Унылый мечтатель, он всегда был уверен, что кончит жизнь рано и нехорошо. Он убедил себя, что, как ни остерегайся, в конце концов обязательно заразишься. Опасения сбылись, но, к своему удивлению, заразился Томеш не на работе, а скорее всего в ресторане, где они с женой обычно обедали. Потом он часто вспоминал об этом ужине, настойчиво перебирал все тогда происшедшее, но в голову приходили ничего не значащие подробности, а самого главного – откуда пришла зараза – он вспомнить не мог. Многие импаты провидят будущее, иногда уже на второй стадии болезни, однако прошлого им понять не дано. У них есть только то, что попало в их память раньше.

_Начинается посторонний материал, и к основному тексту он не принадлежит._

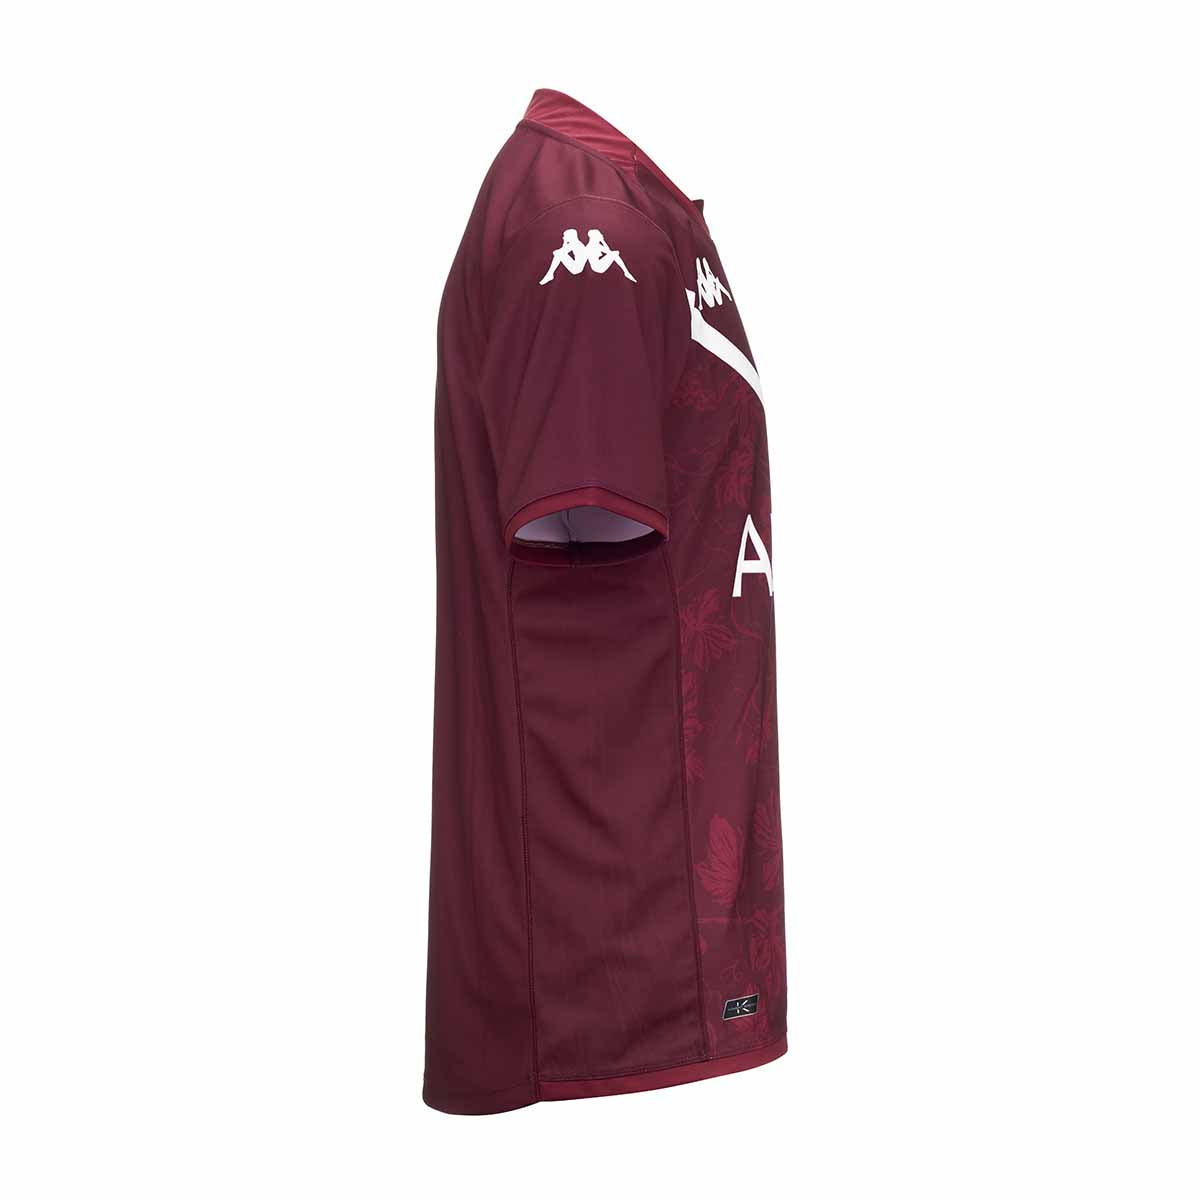 Maillot Kombat Away UBB 23/24 Rouge Homme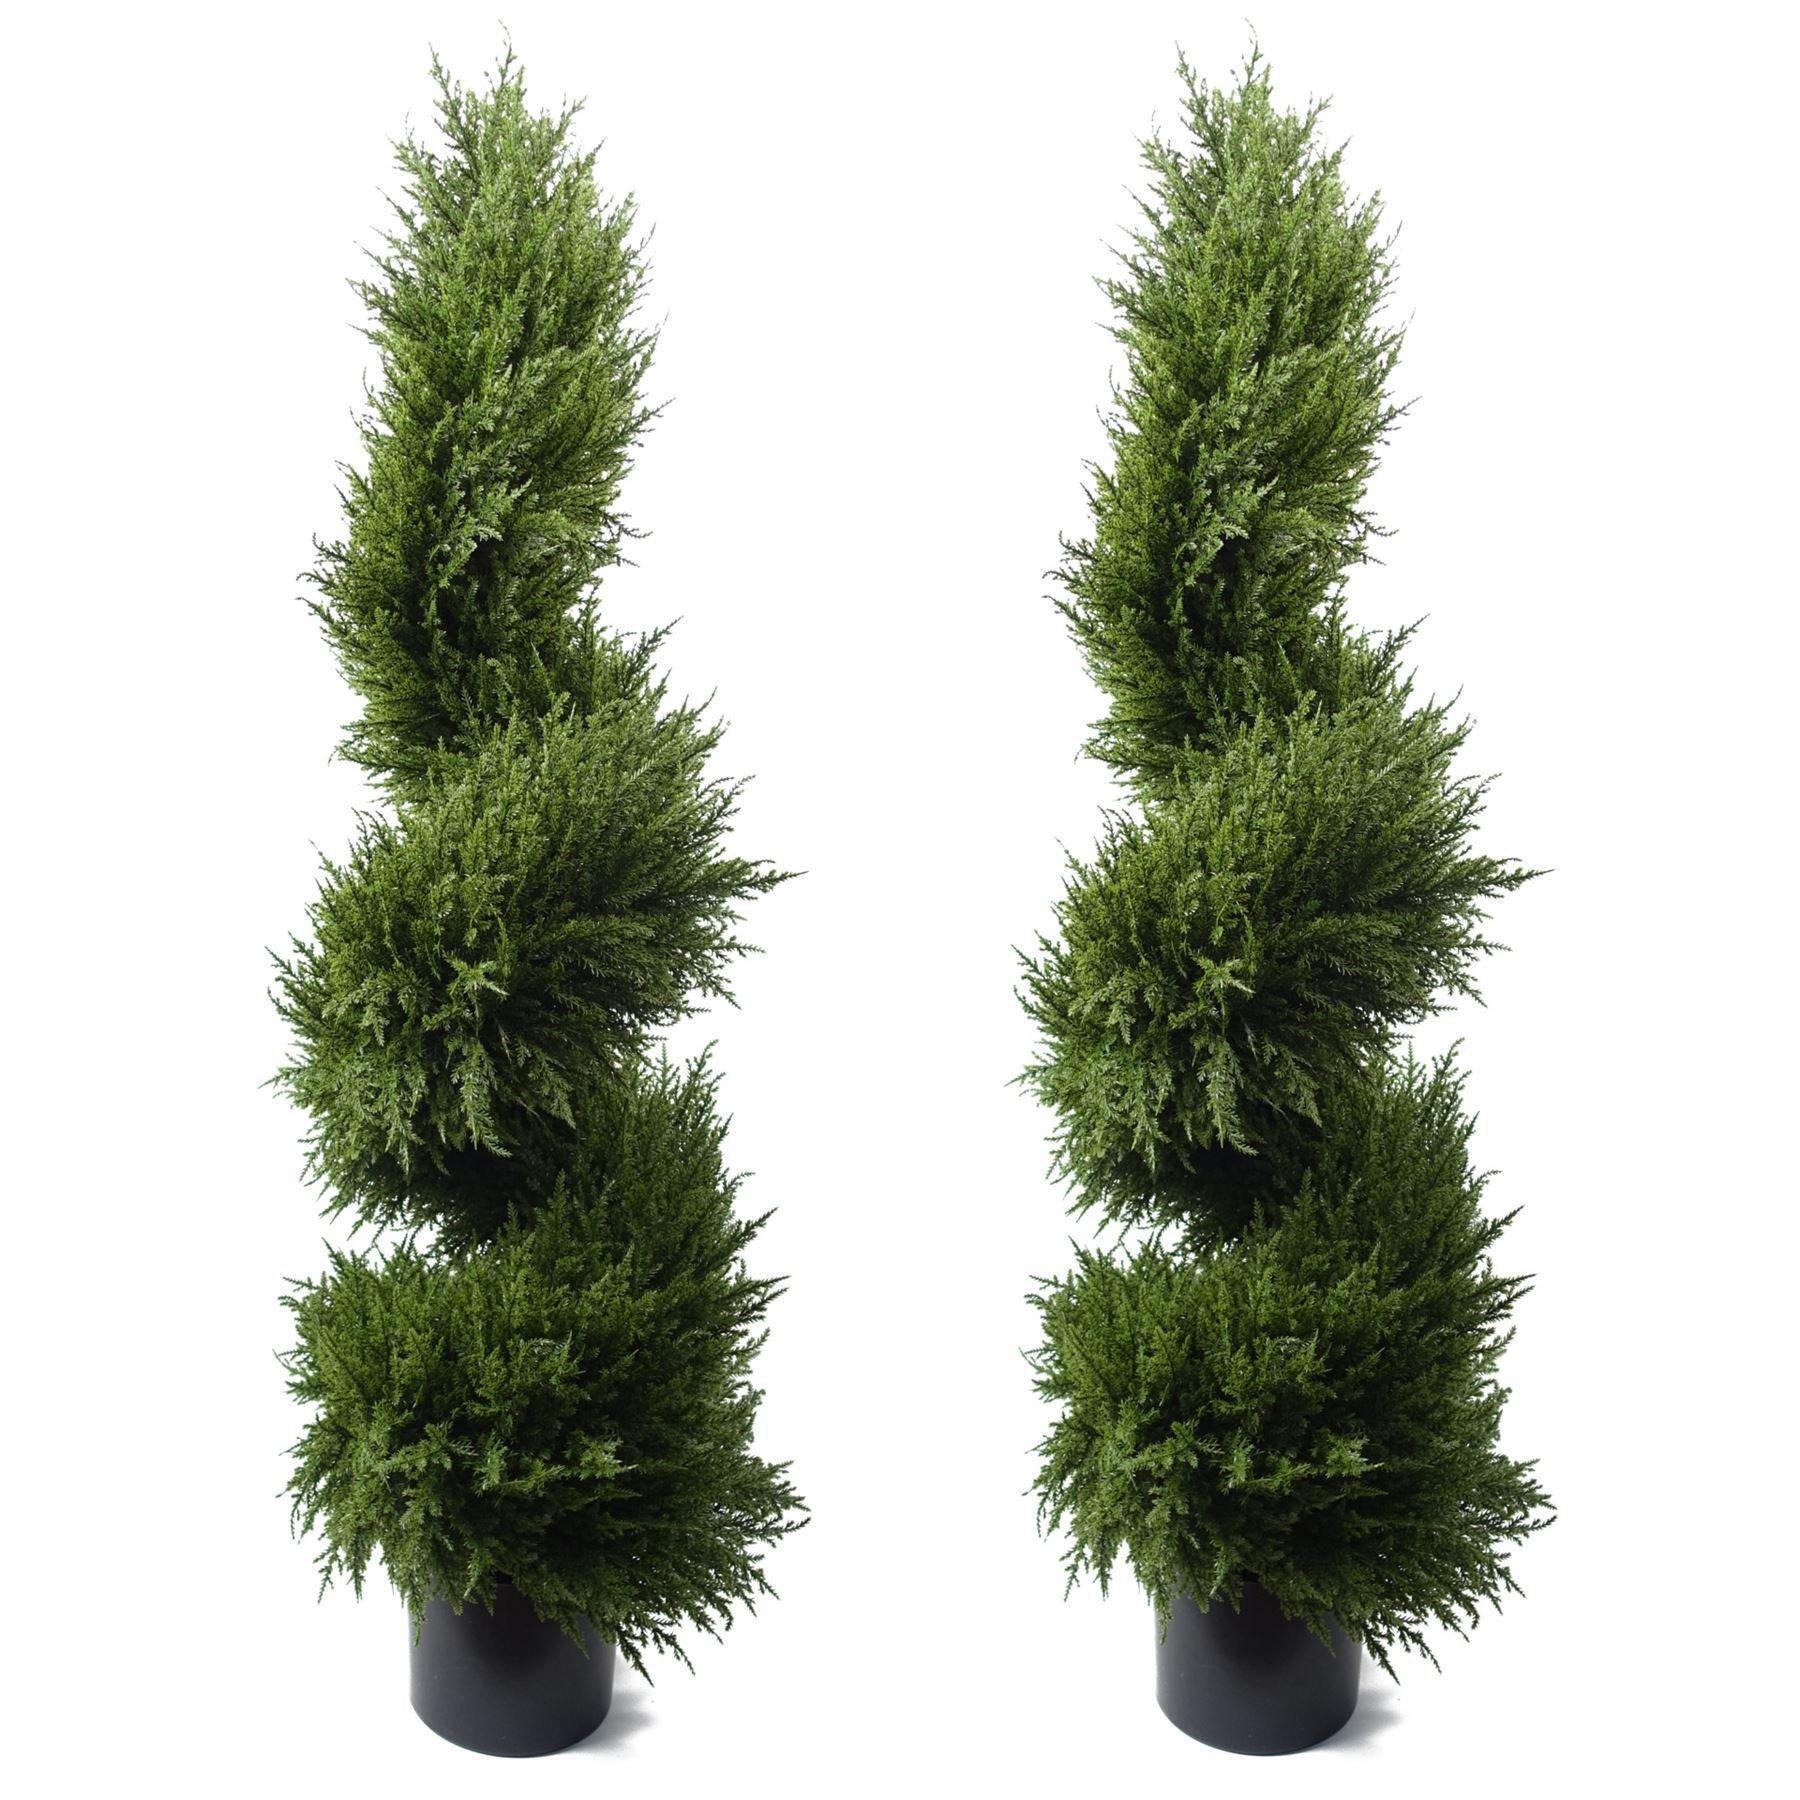 120cm Spiral Cypress Artificial Tree UV Resistant Outdoor - image 1

Томеш сознавал, насколько это ненужно – искать виновного, но все-таки искал, подчиняясь, может быть, иррациональному приказу изнутри, из останков искалеченного подсознания, снова и снова, по кругу: мягкий посудный звон… вежливый говорок автомата… смешок в соседней кабине… густой запах пищи… мимолетная улыбка жены, вызванная удачной остротой… его преувеличенный восторг по поводу этой улыбки… одновременно мысль: у нее приказ даже в линии ушей!.. Жирный кусок хлеба на краю стола… рукопожатие… рукопожатие?! Нет, нет, не там… извилистый путь от стола к двери… потом блеск уличной травы… сразу видно, что здесь не бывает машин: там, где проезд разрешен, трава причесана в направлении движения и разлохмачена по центру… разговор о детях… усталость, подсвеченная листва, чей-то далекий смех, птичий гомон… казалось, идут они не по улице, а по нежно освещенному коридору… что-то комнатное.